Dependence on the thermodynamic state of self-diffusion of pseudo-hard-sphere and Lennard-Jones potentials

Self-diffusion $D$ in a system of particles that interact with a pseudo-hard-sphere or a Lennard-Jones potential is analyzed. Coupling with a solvent is represented by a Langevin thermostat, characterized by the damping time $t_d$. The hypotheses that $D=D_0\phi$ is proposed, where $D_0$ is the small concentration diffusivity and $\phi$ is a thermodynamic function that represents the effects of interactions as concentration is increased. Molecular dynamics simulations show that different values of the noise intensity modify $D_0$, but do not have an effect on $\phi$. This result is consistent with the assumption that $\phi$ is a thermodynamic function since the thermodynamic state is not altered by the presence of damping and noise.

Figure 1

Comparison between Lennard-Jones (dashed), hard-core (dash-dotted), and WCA (${\lambda }_r=50,{\lambda }_a=49$) (solid) potentials.

Figure 2

Compressibility factor $Z$ against packing fraction $\eta$ for pseudo-hard-spheres ($T^{*}=1.5$). The symbols represent different values of the damping time $t_d^{*}$: 0.01, 0.1, 1, and 10 (dots for each $t_d^{*}$ overlap almost exactly).
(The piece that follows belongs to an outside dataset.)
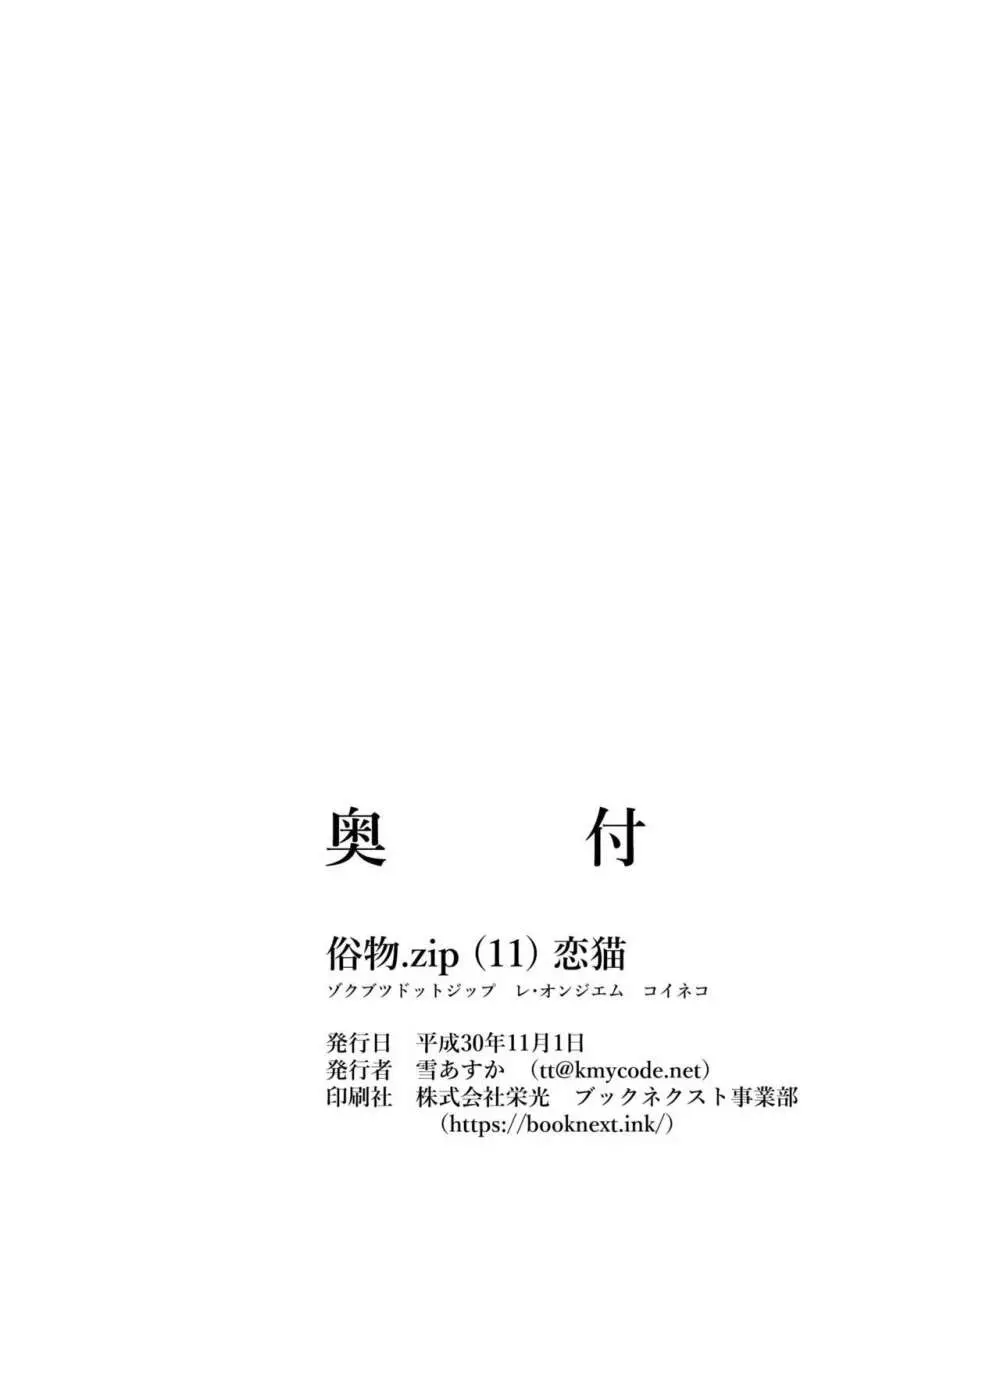 [俗物.zip (雪あすか)] 俗物.zip (11) 恋猫 [DL版] 30ページ

The curve corresponds to the Carnahan and Starling EOS, given by Eq. (8).

Figure 3

Reduced diffusivity at small concentration for pseudo-hard-spheres, $D_0^{*}$, against damping time $t_d^{*}$ for $\eta =0.0052$. Crosses are numerical results and the curve corresponds to Eq. (23). Parameters of the simulations: Number of samples = 10, number of time steps (after thermalization) = 100, time step = 0.001, and number of particles per sample = $500000$.

Figure 4

Diffusivity for pseudo-hard-spheres, $D^{*}$, against packing fraction $\eta$ for different values of the damping time $t_d^{*}$: red for 0.1, blue for 1, and green for 10. See Fig. 5 for the details of the simulation.

Figure 5

$D/D_0$ against packing fraction $\eta$ for different values of the damping time $t_d^{*}$: red for 0.1, blue for 1, yellow for 5, and green for 10. The superimposed curve corresponds to the numerical results of Pieprzyk et al. [17] for hard spheres. Parameters of the simulations: Number of samples = 10, number of time steps (after thermalization) = 100, time step = 0.001, and number of particles per sample = $500000$. For $\eta$ greater than 0.35, the time step was changed to 0.0001.

Figure 6

Reduced diffusivity at small concentration for the Lennard-Jones potential, $D_0^{*}$, against damping time $t_d^{*}$ for $\eta =0.0052$ and temperature $T^{*}=4$. Crosses are numerical results and the curve corresponds to Eq. (29). Parameters of the simulations: Number of samples = 100, number of time steps (after thermalization) = 200, time step = 0.001, and number of particles per sample = $108000$.

Figure 7

$D/D_0$ against packing fraction $\eta$ for different values of the damping time $t_d^{*}$: red for 0.1, blue for 1, and green for 10. The solid line corresponds to numerical simulations from Meier [30] for the Lennard-Jones potential, all with temperature $T^{*}=4$ and cutoff radius $r_c=3$. Parameters of the simulations: Number of samples = 100, number of time steps (after thermalization) = 200, time step = 0.001, and number of particles per sample = $108000$. For $\eta$ greater than 0.35, the time step was changed to 0.0001, and for $\eta$ greater than 0.5, the number of steps was changed to 500.